Based on what Egerstedt called the “theory of slowness,” Graduate Research Assistant Gennaro Notomista designed SlothBot together with his colleague, Yousef Emam, using 3D-printed parts for the gearing and wire-switching mechanisms needed to crawl through a network of wires in the trees. The greatest challenge for a wire-crawling robot is switching from one cable to another without falling, Notomista said.

“The challenge is smoothly holding onto one wire while grabbing another,” he said. “It’s tricky and you have to do it right to provide a fail-safe transition. Making sure the switches work well over long periods of time is really the biggest challenge.”

Mechanically, SlothBot consists of two bodies connected by an actuated hinge. Each body houses a driving motor connected to a rim on which a tire is mounted. The use of wheels for locomotion is simple, energy efficient and safer than other types of wire-based locomotion, the researchers say.

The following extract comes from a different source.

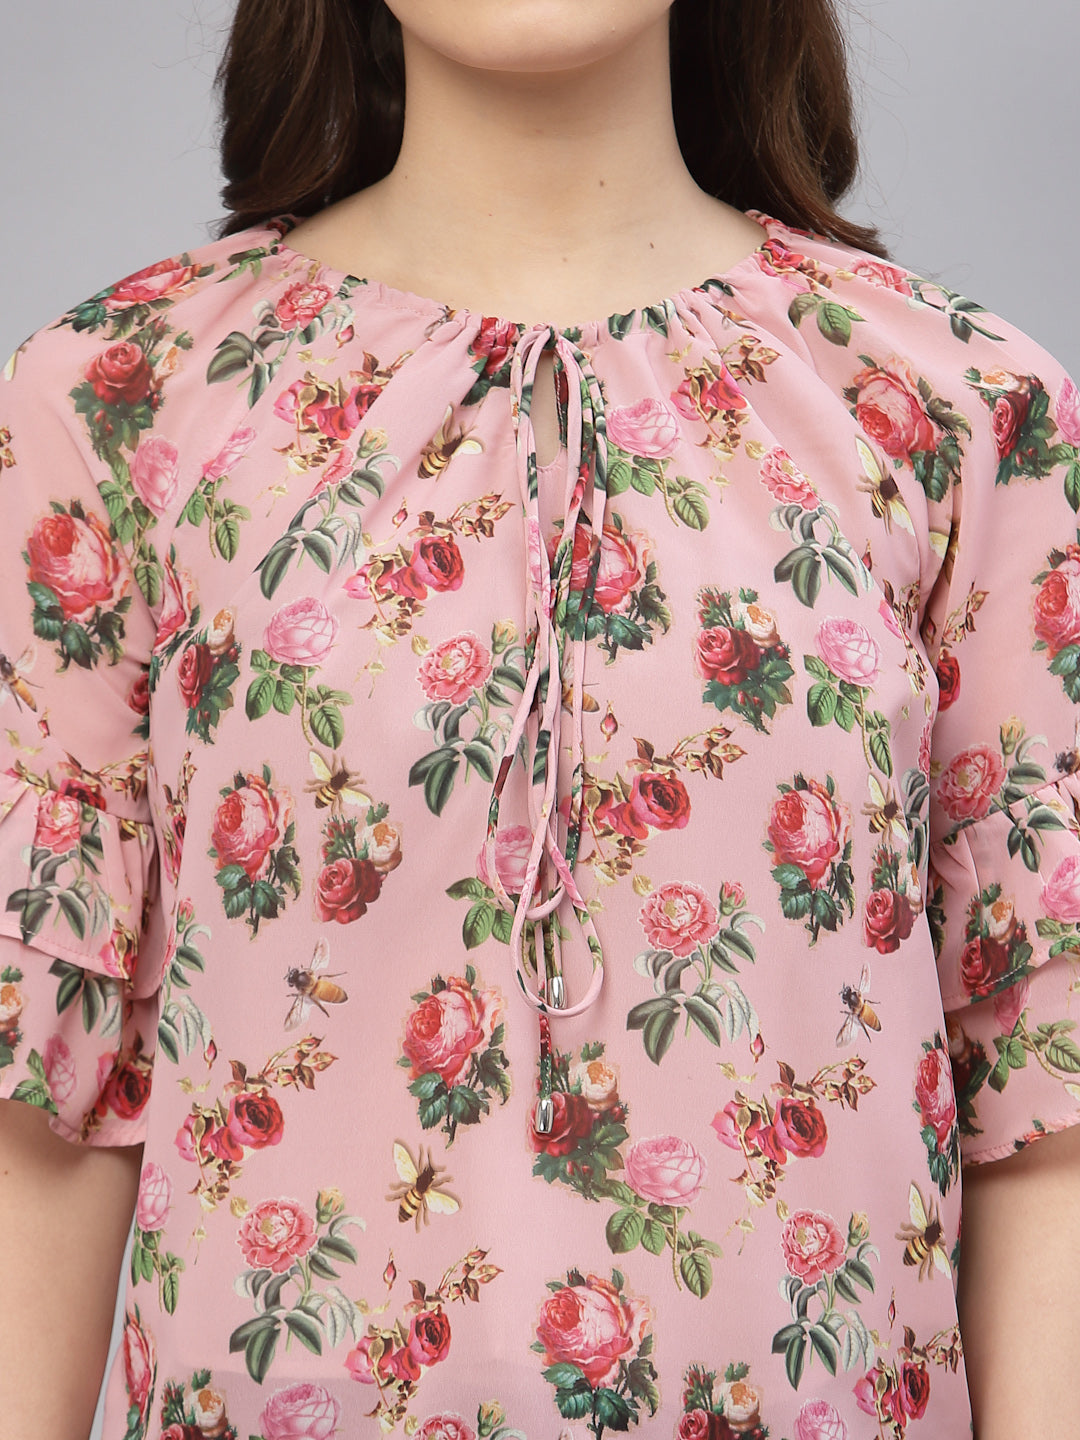 Valbone Women's Georgette Light Pink Floral Print Tie Neck Top Half-Sleeves

SlothBot has so far operated in a network of cables on the Georgia Tech campus. Next, a new 3D-printed shell – that makes the robot look more like a sloth – will protect the motors, gears, actuators, cameras, computer and other components from the rain and wind. That will set the stage for longer-term studies in the tree canopy at the Atlanta Botanical Garden, where Egerstedt hopes visitors will see a SlothBot monitoring conditions as early as this fall.

The name SlothBot is not a coincidence.

“The life of a sloth is pretty slow-moving and there’s not a lot of excitement on a day-to-day level,” said Jonathan Pauli, an associate professor in the Department of Forest & Wildlife Ecology at the University of Wisconsin-Madison, who has consulted with the Georgia Tech team on the project. “The nice thing about a very slow life history is that you don’t really need a lot of energy input. You can have a long duration and persistence in a limited area with very little energy inputs over a long period of time.”

That’s exactly what the researchers expect from SlothBot, whose development has been funded by the U.S. Office of Naval Research. The researchers also hope to test SlothBot in a cacao plantation in Costa Rica that is already home to real sloths. “The cables used to move cacao have become a sloth superhighway because the animals find them useful to move around,” Egerstedt said. “If all goes well, we will deploy SlothBots along the cables to monitor the sloths.”

Egerstedt is known for algorithms that drive swarms of small wheeled or flying robots. But during a visit to Costa Rica, he became interested in sloths and began developing what he calls “a theory of slowness” together with Professor Ron Arkin in Georgia Tech’s School of Interactive Computing. The theory leverages the benefits of energy efficiency.

“If you are doing things like environmental monitoring, you want to be out in the forest for months,” Egerstedt said. “That changes the way you think about control systems at a high level.”

Flying robots are already used for environmental monitoring, but their high energy needs mean they cannot linger for long. Wheeled robots can get by with less energy, but they can get stuck in mud or be hampered by tree roots, and cannot get a big picture view from the ground.

“The thing that costs energy more than anything else is movement,” Egerstedt said. “Moving is much more expensive than sensing or thinking. For environmental robots, you should only move when you absolutely have to. We had to think about what that would be like.”

This research was sponsored by the U.S. Office of Naval Research through Grant N00014-15-2115.